Había una vez un joven que divulgó chismes sobre su amigo por toda la aldea. Se sintió extremadamente culpable por lo que había hecho así que fue con el cura del pueblo para confesar su difamación.

Le preguntó al padre qué podía hacer para retirar sus palabras dañinas y reconciliar la amistad con su amigo.

El padre le dijo: “Anda, toma un pluma y colócala en la entrada de cada casa del pueblo”. El joven no sabía exactamente la razón de esto pero pensó que estaría haciendo lo correcto y que se sentiría mejor al obedecer al cura así que tomó una bolsa llena de plumas y se fue por toda la aldea colocando una pluma en la entrada de cada casa; con la esperanza de que cada vez que colocara una pluma se sentiría mejor, pero no fue así.
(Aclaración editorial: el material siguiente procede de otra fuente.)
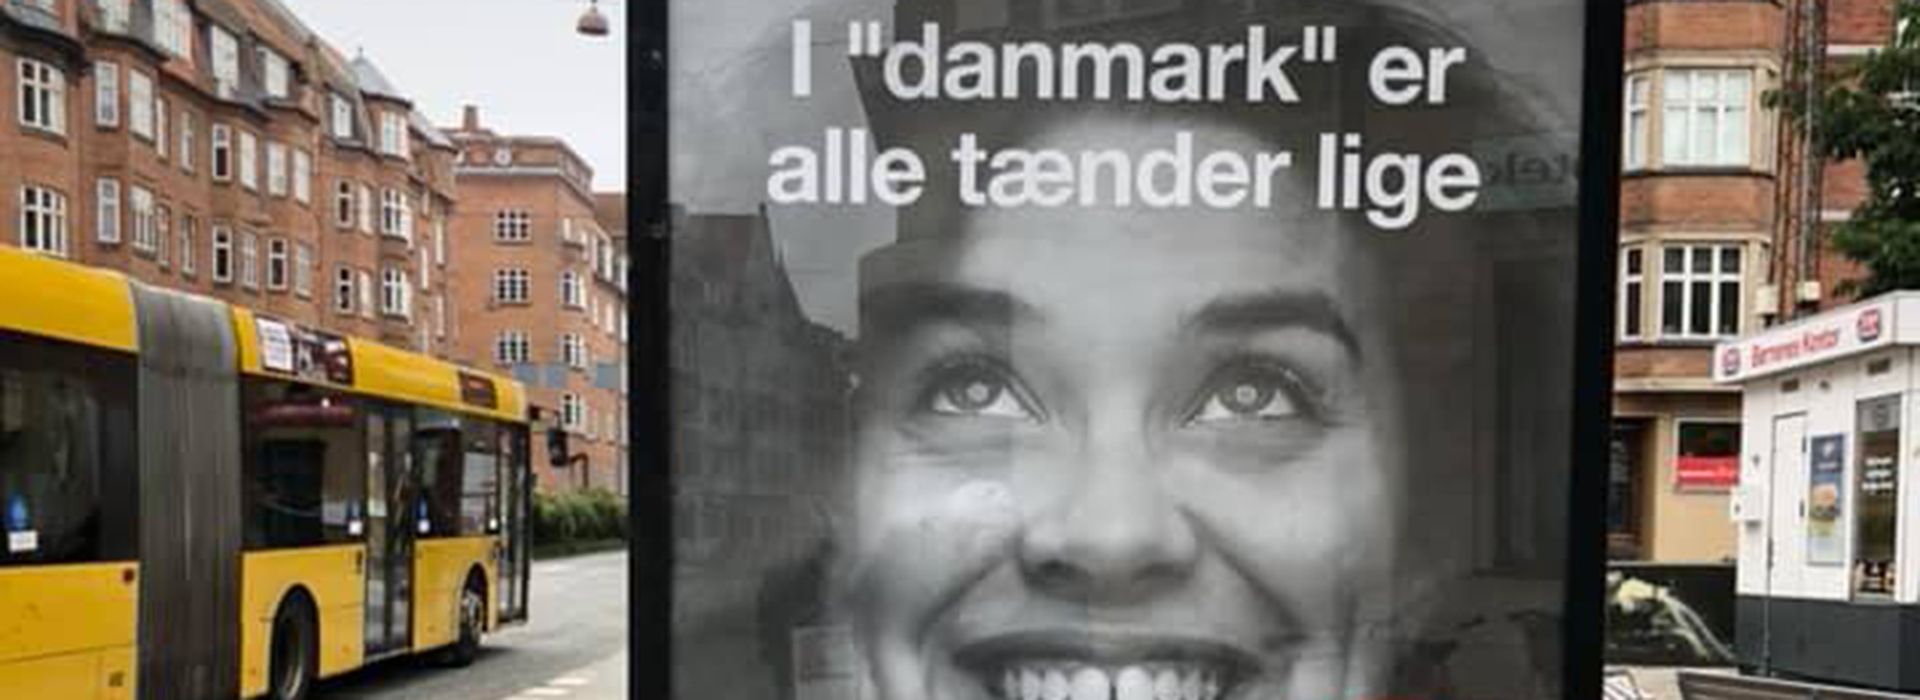 I Danmark er alle tænder lige

Cuando terminó de colocar la última pluma aún se sentía miserable por dentro.

De manera que regresó con el padre y le dijo: “Padre, ya hice lo que usted me mandó pero aún me siento muy mal por lo que he hecho, qué más puedo hacer”.
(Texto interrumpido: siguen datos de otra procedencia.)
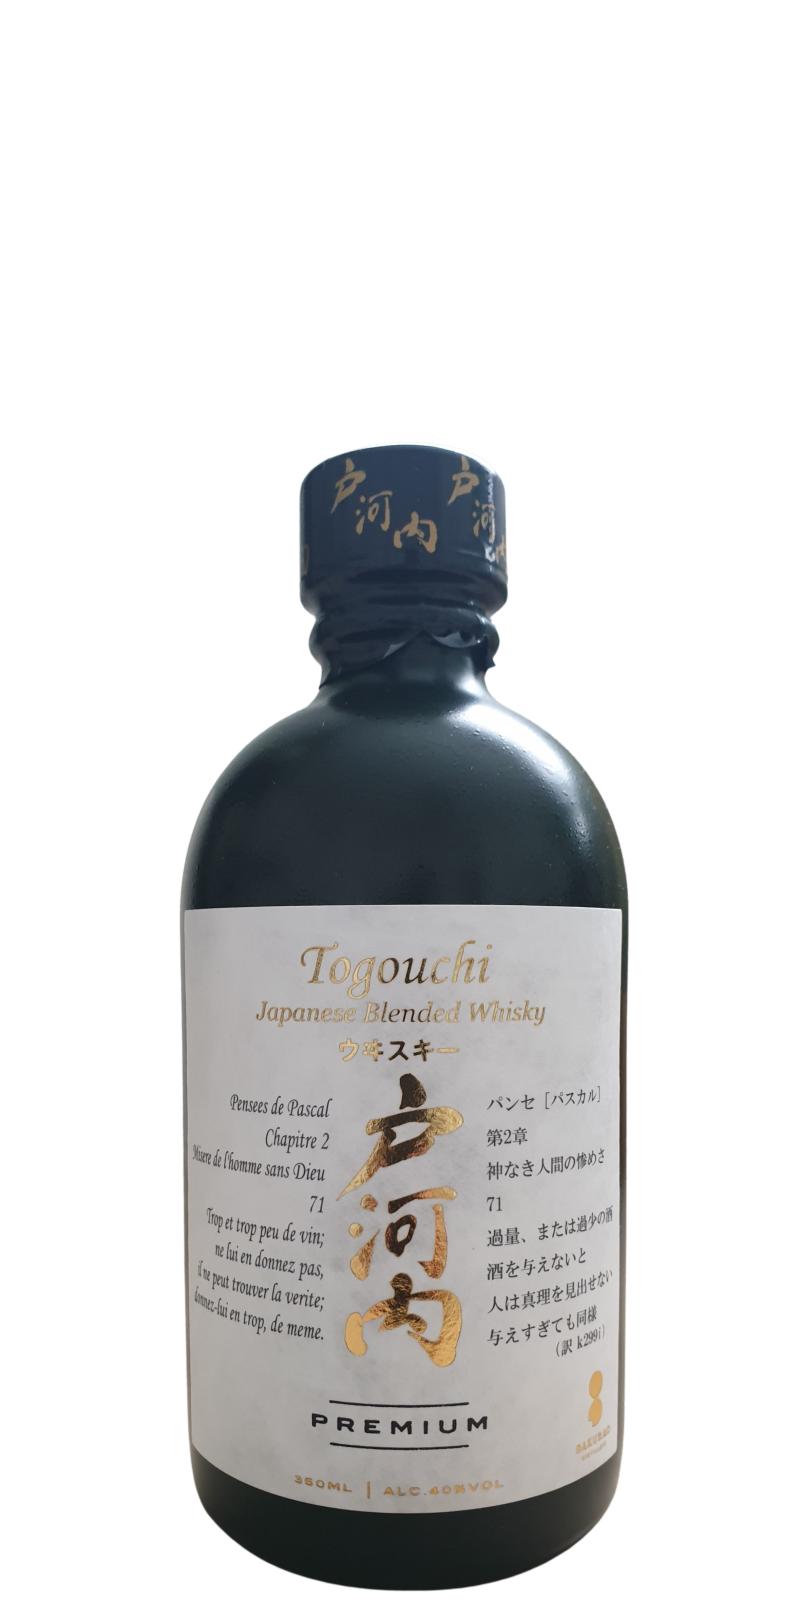 Togouchi Japanese Blended Whisky Premium 40% 350ml

El cura le respondió: “Ahora regresa al pueblo y recoge todas las plumas que has colocado”. El joven sorprendido exclamó: “Padre, eso es imposible ya el viento se la llevó todas; jamás podré recuperarlas”. El padre le dijo: “Exactamente, lo mismo pasa con el daño que han ocasionado tus palabras”.

Como puedes ver, las palabras malvadas siempre reflejan un corazón lleno de odio, orgullo, envidia y celos.

A menudo complicamos las cosas y multiplicamos el daño entre nosotros porque traicionamos confianzas y divulgamos palabras que sabemos que no son ciertas con la intención de dañar, herir, envenenar y destruir; y eso es malvado.

Y qué triste que nuestras iglesias, familias, y relaciones interpersonales sean fracturadas por el chisme, la calumnia y la difamación.

Anótalo bien, una vez que divulgamos un chisme es imposible remediar lo hecho.

Salomón dijo: “Quien habla mal de su amigo lo hiere más que una espada”.